Others have suggested that the cylinder seals show the Indus valley's influence on Mesopotamia. These may have been due to overland trade between the two cultures.

Scripts and languages

Similarities between Proto-Elamite (circa 3000 BCE) and especially Linear Elamite (2300-2000 BCE) scripts with the Indus script have been noted, although it has not been possible to decipher any of them. Proto-Elamite only starts to be readable from around 2300 BCE, when Elamite adopted the cuneiform system. These Elamite scripts are said to be "technically similar" to the Indus script. On comparing the Linear Elamite to the Indus script, a number of similar symbols have also been found.

The Meluhhan language was not readily understandable at the Akkadian court, since interpretators of the Meluhhan language are known to have resided in Mesopotamia, particularly through an Akkadian seal with the inscription "Shu-ilishu, interpreter of the Meluhhan language".

Chronology

Sargon of Akkad (circa 2300 or 2250 BCE), was the first Mesopotamian ruler to make an explicit reference to the region of Meluhha, which is generally understood as being the Baluchistan or the Indus area.

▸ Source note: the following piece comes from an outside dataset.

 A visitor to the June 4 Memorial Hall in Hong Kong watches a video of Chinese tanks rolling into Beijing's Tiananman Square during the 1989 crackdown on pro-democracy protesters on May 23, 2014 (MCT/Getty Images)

Sargon mentions the presence of Meluhha, Magan, and Dilmun ships at Akkad.

These dates correspond roughly to the Mature Harappan phase, dated from around 2600 to 2000 BCE. The dates for the main occupation of Mohenjo-Daro are from about 2350 to 2000/1900 BCE.

It has been suggested that the early Mesopotamian Empire preceded the emergence of the Harappan civilization, and that trade and cultural exchanges may have facilitated the emergence of Harappan culture. Alternatively, it is possible that the Harappan culture had already emerged by the time trade with Mesopotamia started. Uncertainties in dating make it impossible to establish a clear order at this stage.

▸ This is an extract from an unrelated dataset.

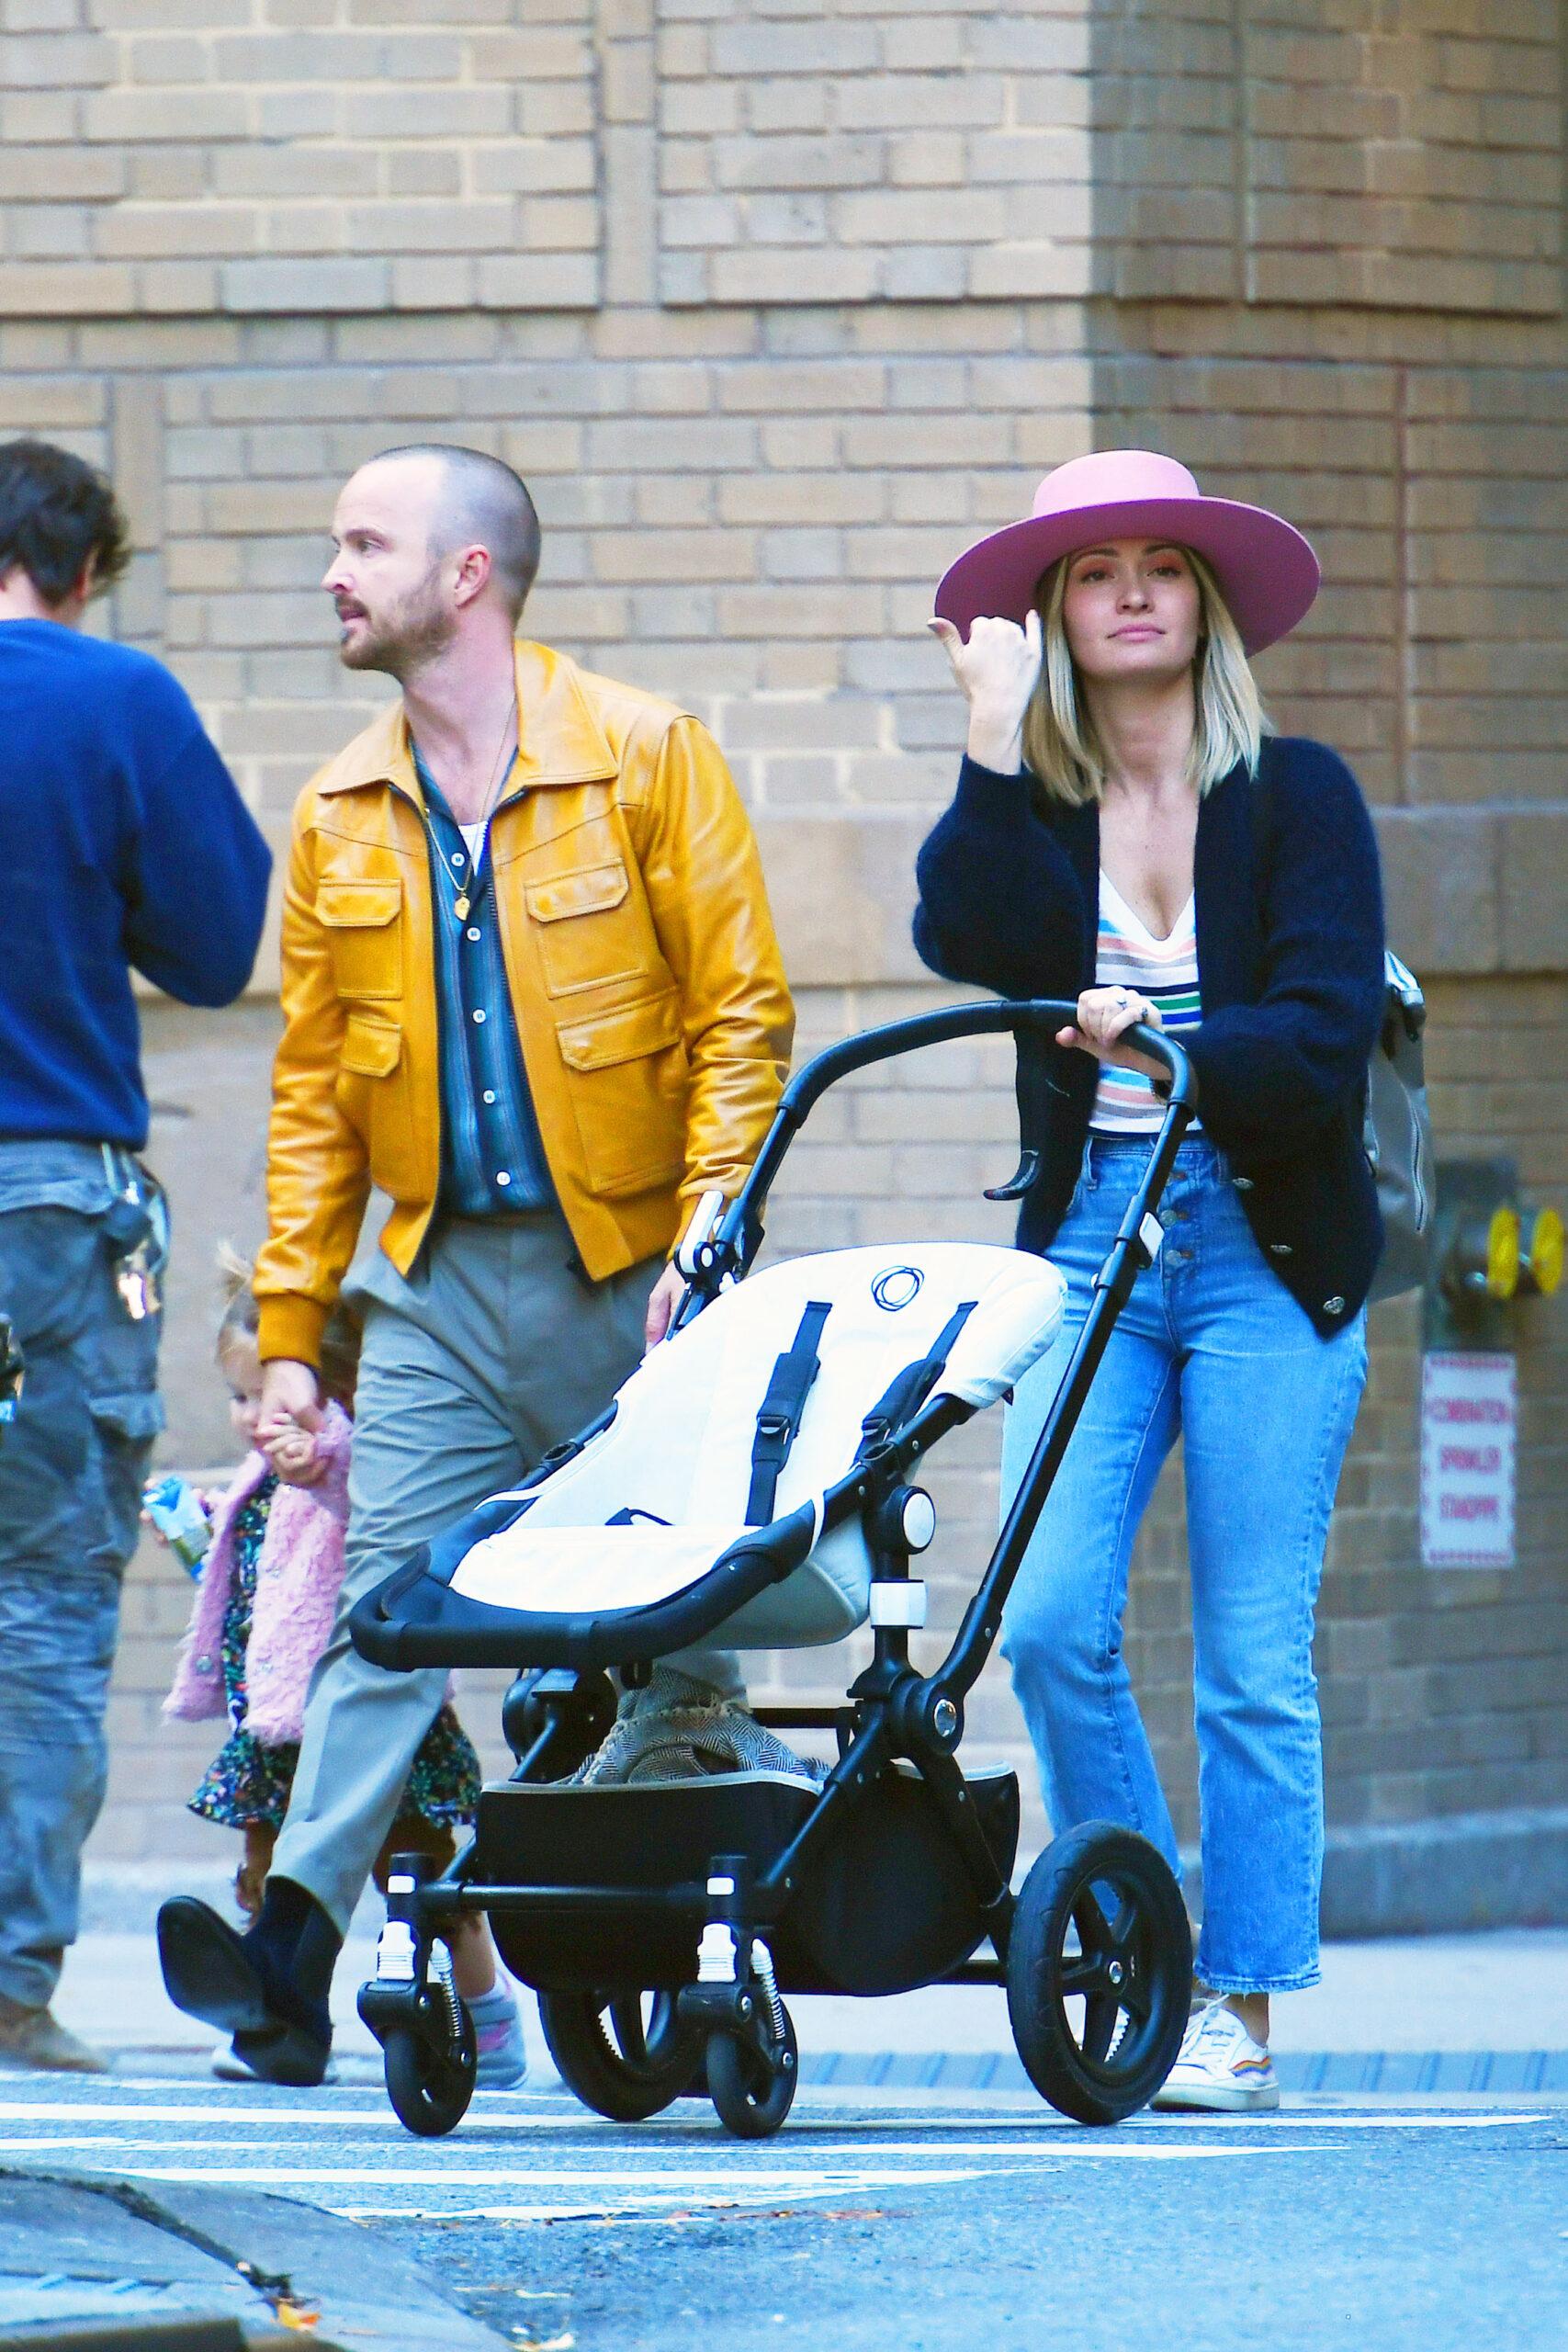 Aaron Paul out with wife Lauren Parsekian and daughter Story Annabelle Paul in SoHo NYC

Exchanges seem to have been most significant during the Akkadian Empire and Ur III periods, and to have waned afterwards together with the disappearance of the Indus valley civilization.

Comparative sizes
The Indus Valley Civilization only flourished in its most developed form between 2500 and 1800 BCE until it became extinct, but at the time of these exchanges, it was a much larger entity than the Mesopotamian civilization, covering an area of 1.2 million square kilometres with thousands of settlements, compared to an area of only about 65,000 square kilometres for the occupied area of Mesopotamia, while the largest cities were comparable in size at about 30,000–40,000 inhabitants.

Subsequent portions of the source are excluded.